Chemist Creates Films’ Ambiance

Beverly Wood uses her background in chemistry to bring filmmakers’ visions to life on the big screen. Executive vice president of technical services and client relations for Deluxe Entertainment in Los Angeles, Wood recently worked her visual magic on the latest James Bond film, Skyfall. In nearly two decades with Deluxe, she has helped put the finishing touches on a myriad of movies, including True Grit and The Hours. Photo by Henner Hofmann, ASC, AMC.

When James Bond needs the latest in high-tech gadgetry, he turns to Q.

And when the cinematographer for the latest Bond film needs technical advice, he turns to Beverly Wood ’78.

Wood, executive vice president of technical services and client relations for Deluxe Entertainment’s digital arm, EFILM, was on her way from Los Angeles to London recently to help director of photography Roger Deakins put the finishing touches on Skyfall, the 23rd and latest Bond film.

It’s hard for Wood, 56, to describe the behind-the-scenes magic she and her colleagues specialize in. But you can see it for yourself in the moodiness of Seven, the old Western-style patina of The Assassination of Jesse James by the Coward Robert Ford, and the deep blacks and crisp look of The Man Who Wasn’t There, just a few of the thousands of films she and her team at Deluxe have worked on.

The Man Who Wasn’t There − shot in color but transferred to black-and-white reels by Wood’s crew − earned Deakins a best film award from the American Society of Cinematographers in 2001. He was in the middle of shooting another movie, so he sent Wood to the awards ceremony in his stead.

After Wood read the speech Deakins had prepared for her, she added a thought of her own.

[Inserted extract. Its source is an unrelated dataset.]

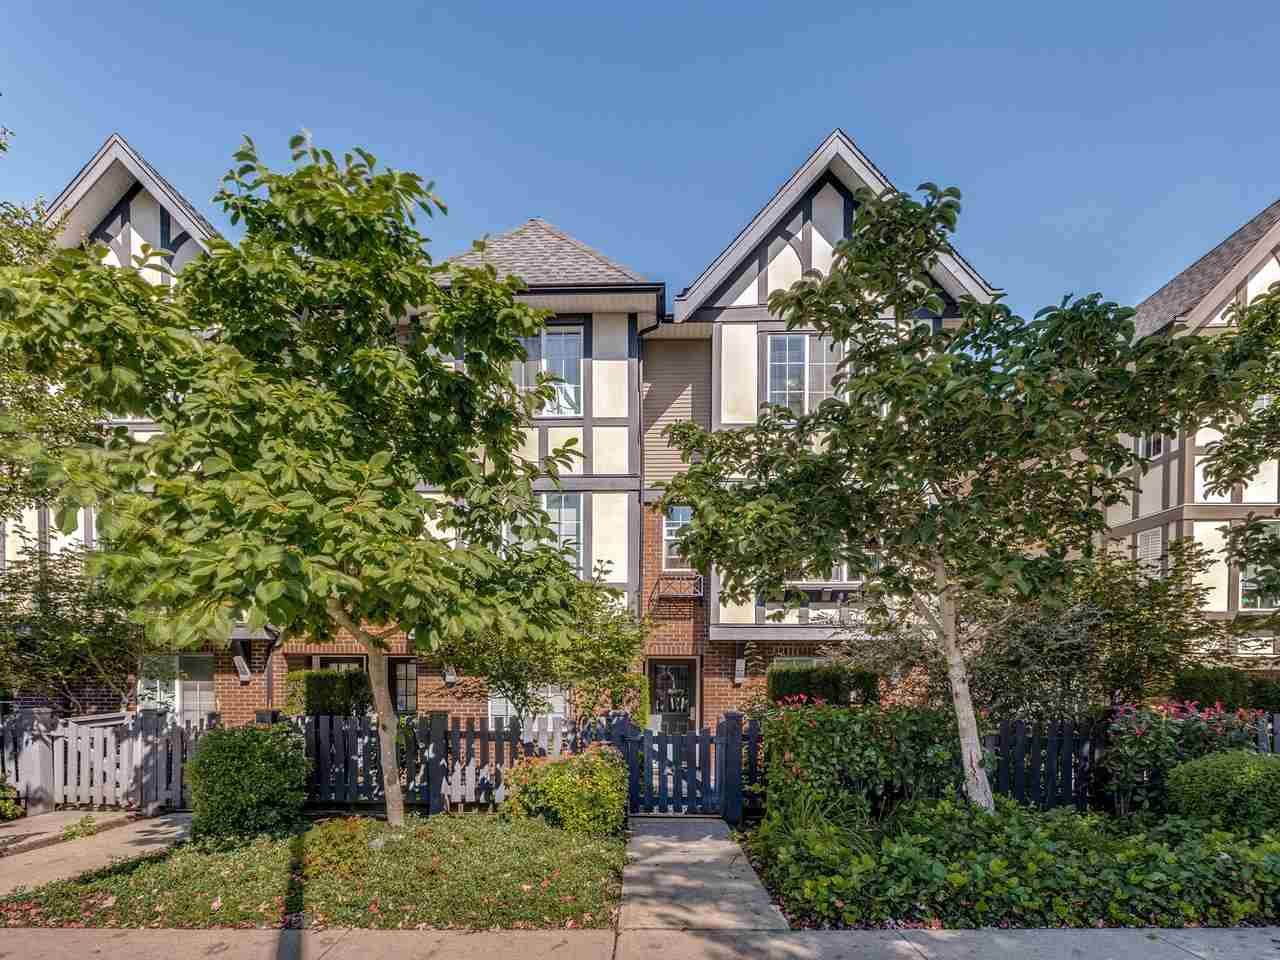 Main Photo: 27 20875 80 AVENUE in Langley: Willoughby Heights Townhouse for sale : MLS®# R2495219

“Who would’ve thought a little black girl from Virginia would end up in this room?” she asked the crowd of Hollywood elite. “I got a standing ovation.”

Perhaps no one was more surprised Wood was there than she was. Raised on a farm in rural Southside Virginia, she’d come to Mary Washington to study biology and pursue a career as a medical technologist.

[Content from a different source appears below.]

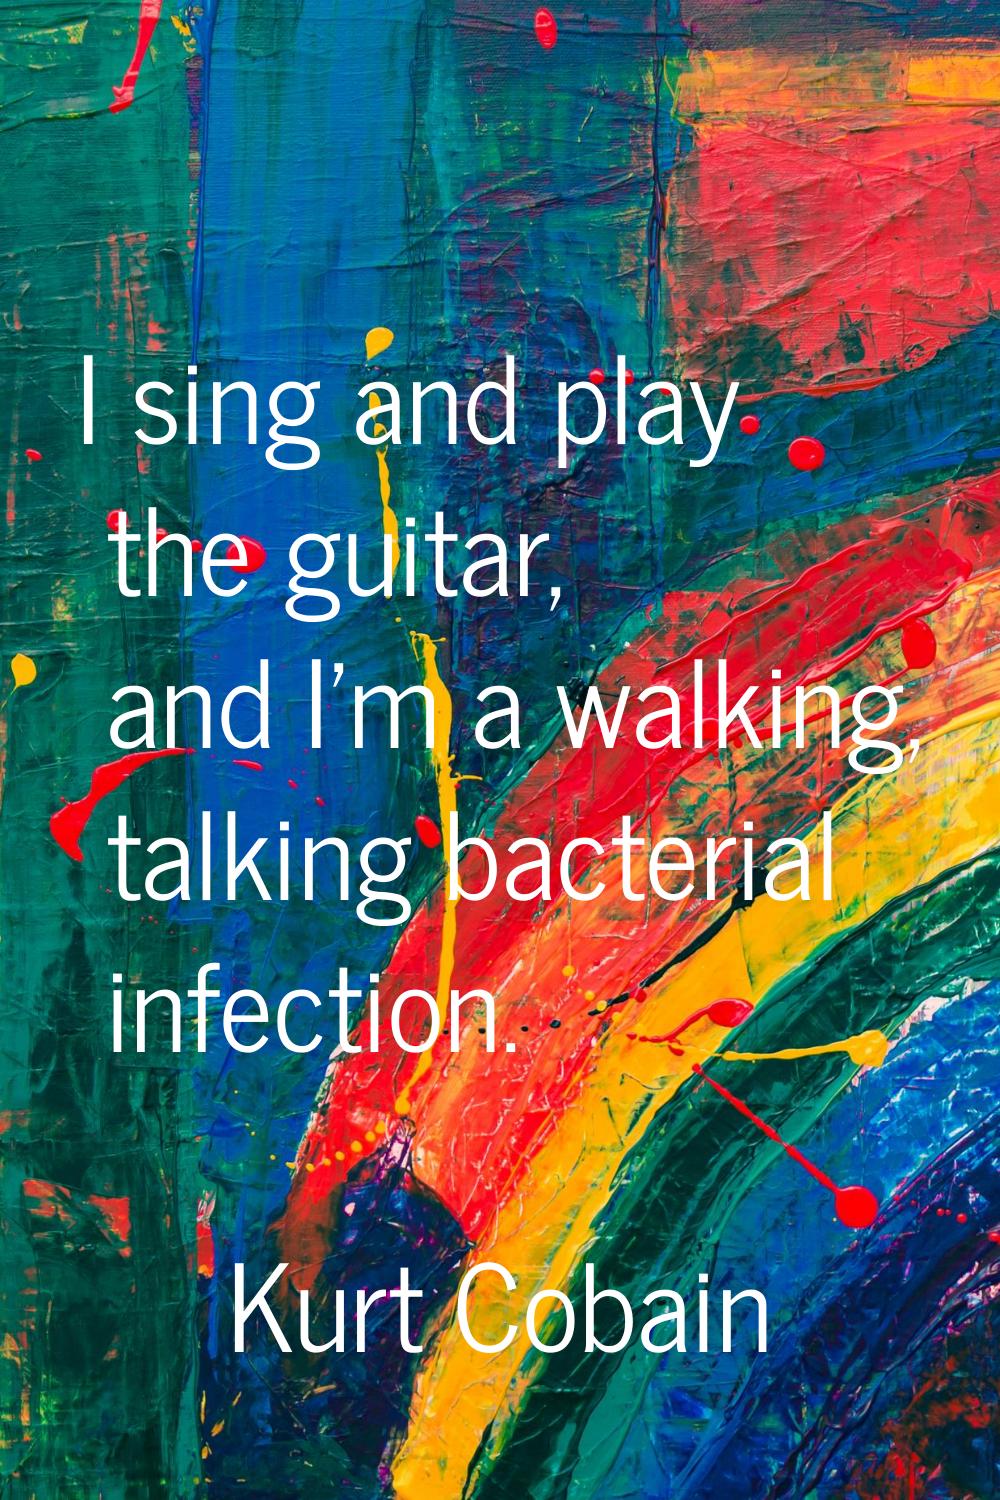 I sing and play the guitar, and I'm a walking, talking bacterial infection.

Instead, Wood graduated in chemistry and, after earning a master’s degree at the University of Georgia, she all but decided to take a job with an oil company in Texas. But one last interview, with Kodak in Rochester, N.Y., changed her life.

Wood ultimately accepted a job with Kodak’s motion picture division. She moved to California to work with movie laboratories, fixing everything from radiation fog to pressure marks on film. The job combined her chemistry expertise with her people skills.

“I didn’t want to be a mad scientist for the rest of my life,” she said, laughing. “I like outside stimulus to stimulate my thinking and how I look at a problem. Analytical chemistry taught me how to solve a problem, no matter what kind of problem it is.”

Wood has been solving problems for filmmakers big and small at Deluxe for almost 20 years. Her job often entails listening to filmmakers describe what they want a movie to feel and look like and then applying her technical skills to deliver that vision.

“It’s not about me. These people entrust their images to me. I help them make sure their vision is intact from beginning to end,” Wood said. “They already know what they want. I just help them get it.”